As introduced in Relational Workflows, DataJoint schemas form Directed Acyclic Graphs (DAGs) where:

This DAG structure embodies a core principle of the Relational Workflow Model: the schema is an executable specification. Tables at the top are independent entities; tables below depend on tables above them. Reading the diagram top-to-bottom reveals the workflow execution order.

Quick Reference

Line StyleAppearanceRelationshipChild’s Primary KeyCardinality
Thick Solid━━━ExtensionParent PK onlyOne-to-one
Thin Solid───ContainmentParent PK + own field(s)One-to-many
Dashed┄┄┄ReferenceOwn independent PKOne-to-many
Key Principle

Solid lines mean the parent’s identity becomes part of the child’s identity. Dashed lines mean the child maintains independent identity.

Visual Indicators:

  • Underlined table name: Independent entity introducing a new schema dimension

  • Non-underlined name: Dependent entity whose identity derives from parent(s)

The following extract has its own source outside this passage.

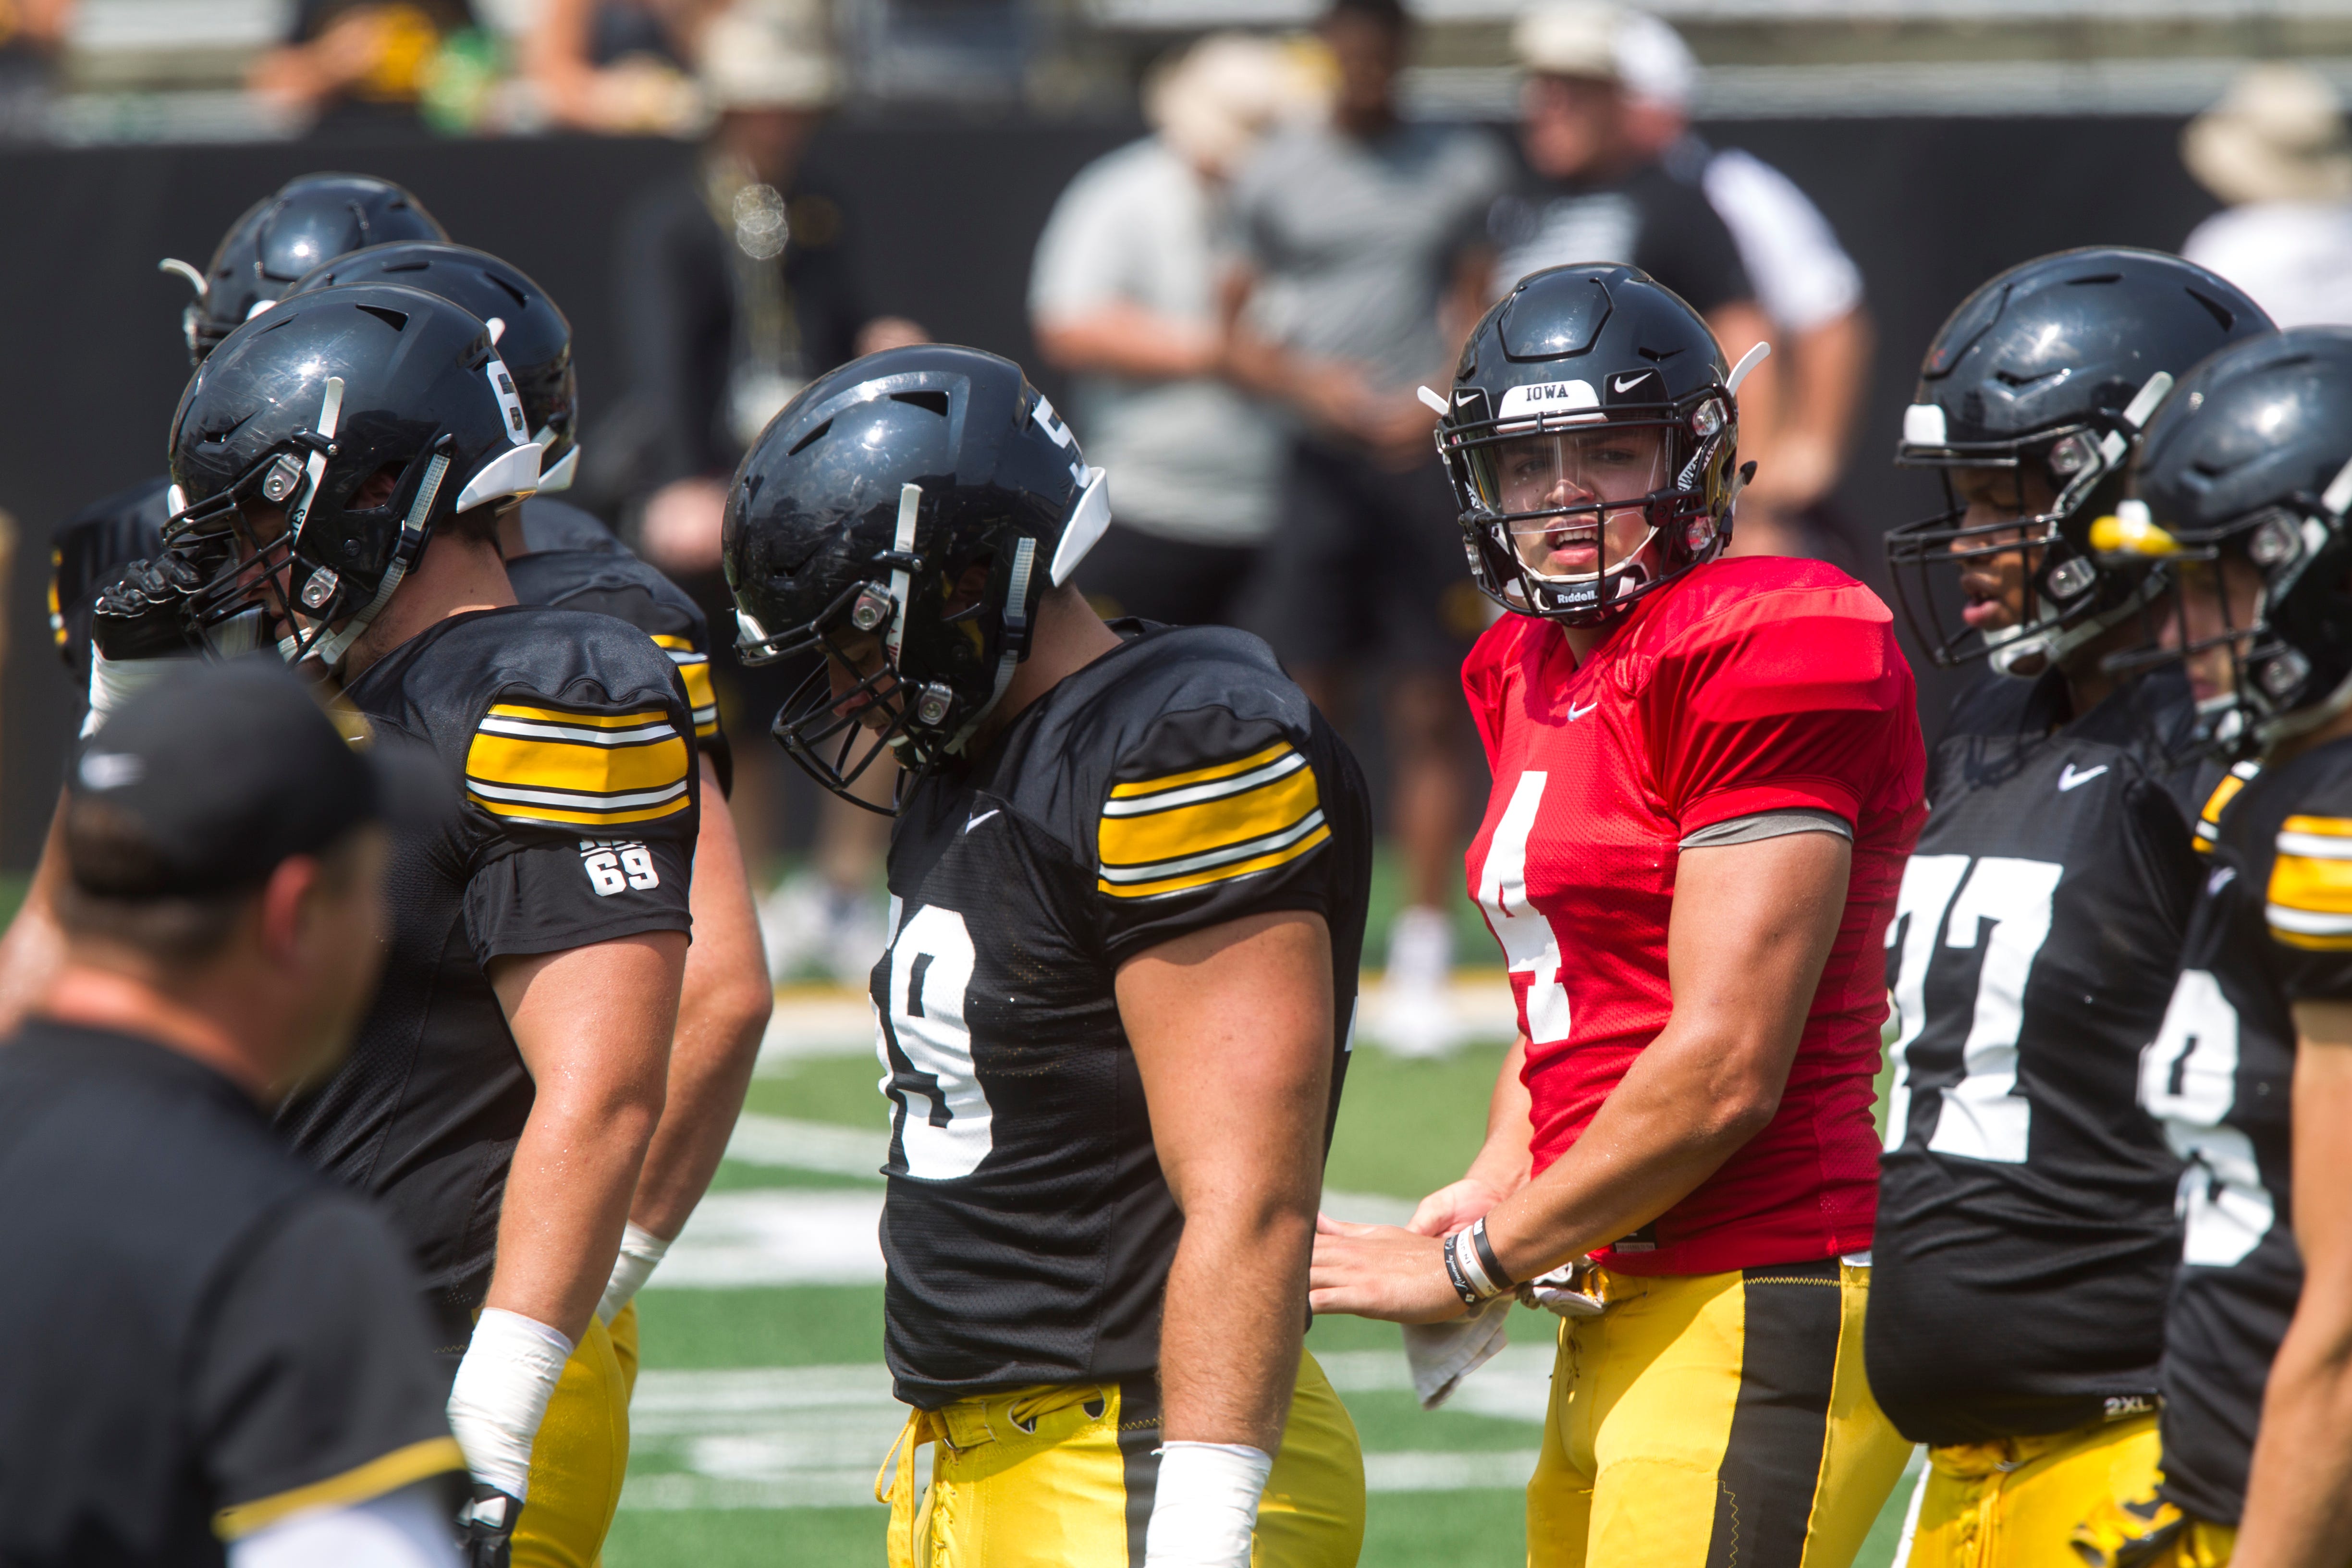 Iowa quarterback Nate Stanley looks to the sideline during a Kids Day practice on Saturday, Aug. 11, 2018, at Kinnick Stadium in Iowa City.

  • Orange dots: Renamed foreign keys (via .proj())

  • Table colors: Green (Manual), Blue (Imported), Red (Computed), Gray (Lookup)

Setup

First, we import DataJoint and create a schema for our examples:

import datajoint as dj

schema = dj.Schema('diagrams_tutorial')

The Three Line Styles

Line styles convey the semantic relationship between parent and child tables. The choice is determined by where the foreign key appears in the child’s definition.

Thick Solid Line: Extension (One-to-One)

The foreign key is the entire primary key of the child table.

DataJoint
SQL
@schema
class Customer(dj.Manual):
    definition = """
    customer_id : int unsigned
    ---
    customer_name : varchar(60)
    """

@schema
class CustomerPreferences(dj.Manual):
    definition = """
    -> Customer                   # This IS the entire primary key
    ---
    theme : varchar(20)
    notifications : enum('on', 'off')
    """

Semantics: The child extends or specializes the parent. They share the same identity—at most one child exists for each parent.

Use cases: Workflow sequences (Order → Shipment → Delivery), optional extensions (Customer → CustomerPreferences), modular data organization.

In diagrams: Notice that CustomerPreferences is not underlined—it doesn’t introduce a new dimension.

# Define tables for thick solid line example
@schema
class Customer(dj.Manual):
    definition = """
    customer_id : int unsigned
    ---
    customer_name : varchar(60)
    """

@schema
class CustomerPreferences(dj.Manual):
    definition = """
    -> Customer                   # This IS the entire primary key
    ---
    theme : varchar(20)
    notifications : enum('on', 'off')
    """
# View the diagram - notice the thick solid line
dj.Diagram(Customer) + dj.Diagram(CustomerPreferences)

Thin Solid Line: Containment (One-to-Many)

The foreign key is part of (but not all of) the child’s primary key.

DataJoint
SQL
@schema
class Customer(dj.Manual):
    definition = """
    customer_id : int unsigned
    ---
    customer_name : varchar(60)
    """

@schema
class Account(dj.Manual):
    definition = """
    -> Customer                   # Part of primary key
    account_num : int unsigned    # Additional PK component
    ---
    balance : decimal(10,2)
    """

Semantics: The child belongs to or is contained within the parent. Multiple children can exist for each parent, each identified within the parent’s context.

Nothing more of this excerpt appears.